University News
Grant of $10 Million from Hewlett Foundation Will Support The China Law Center of Yale Law School
The William and Flora Hewlett Foundation has announced that it will donate $10 million to support The China Law Center of Yale Law School for five years.
From its inception in 1999, The China Law Center has focused on designing and carrying out in-depth cooperative projects between U.S. and Chinese experts on key issues of Chinese law and policy reform.

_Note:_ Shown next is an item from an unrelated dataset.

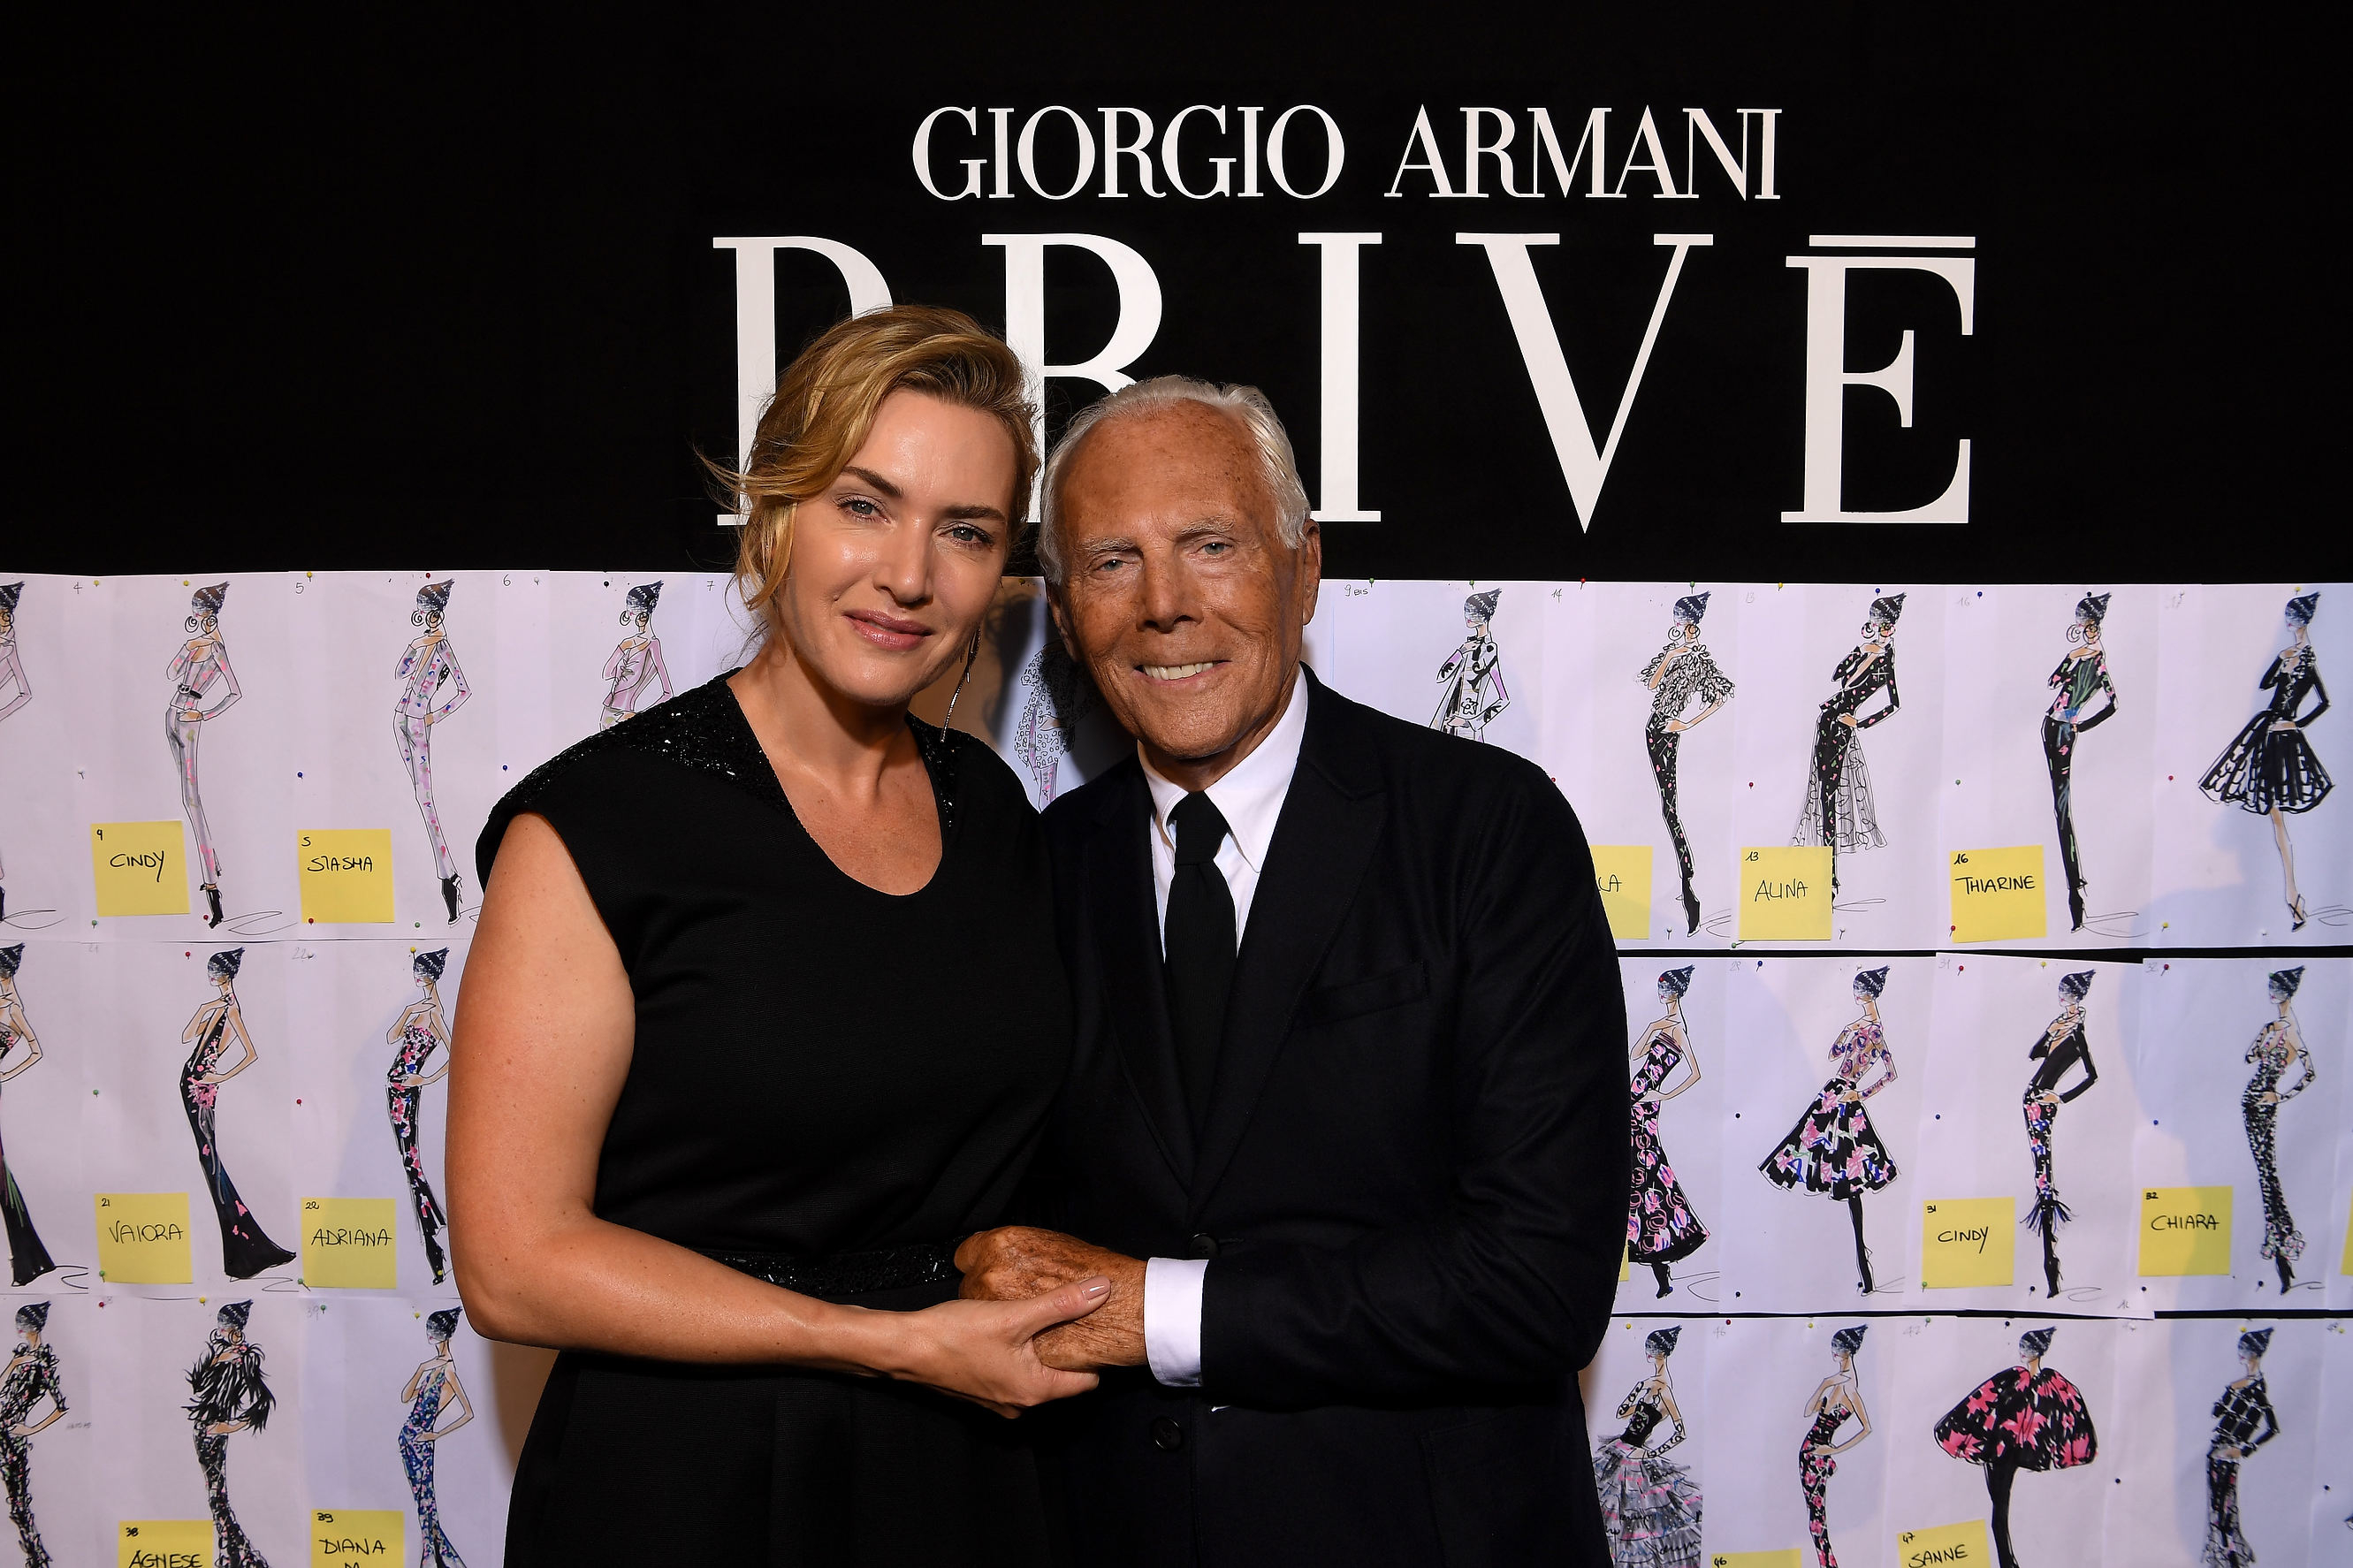 kate-winslet-and-giorgio-armani_sgp

In interaction with its teaching and research missions, the Center also works to strengthen the capacity of reformers in China, partnering with a range of Chinese institutions such as law schools, courts, administrative agencies and non-governmental organizations.
The grant, which will provide general support to the Center's programs over five years, is among the largest foundation grants ever made to a Yale Law School program.
Hewlett Foundation President Paul Brest said supporting the evolution of China's legal system is invaluable to the country's emergence on the world stage. "Helping China improve its legal system furthers an array of goals, from supporting civil rights and civil liberties to increasing China's effectiveness in business," Brest said. "It's of global importance for China to have the best possible legal system. The Foundation is proud to help with this effort."
The William and Flora Hewlett Foundation, one of the nation's largest, with assets of more than $8 billion, makes grants to address the most serious social and environmental problems facing society. The Foundation concentrates its resources on activities in education, environment, global development, performing arts and population.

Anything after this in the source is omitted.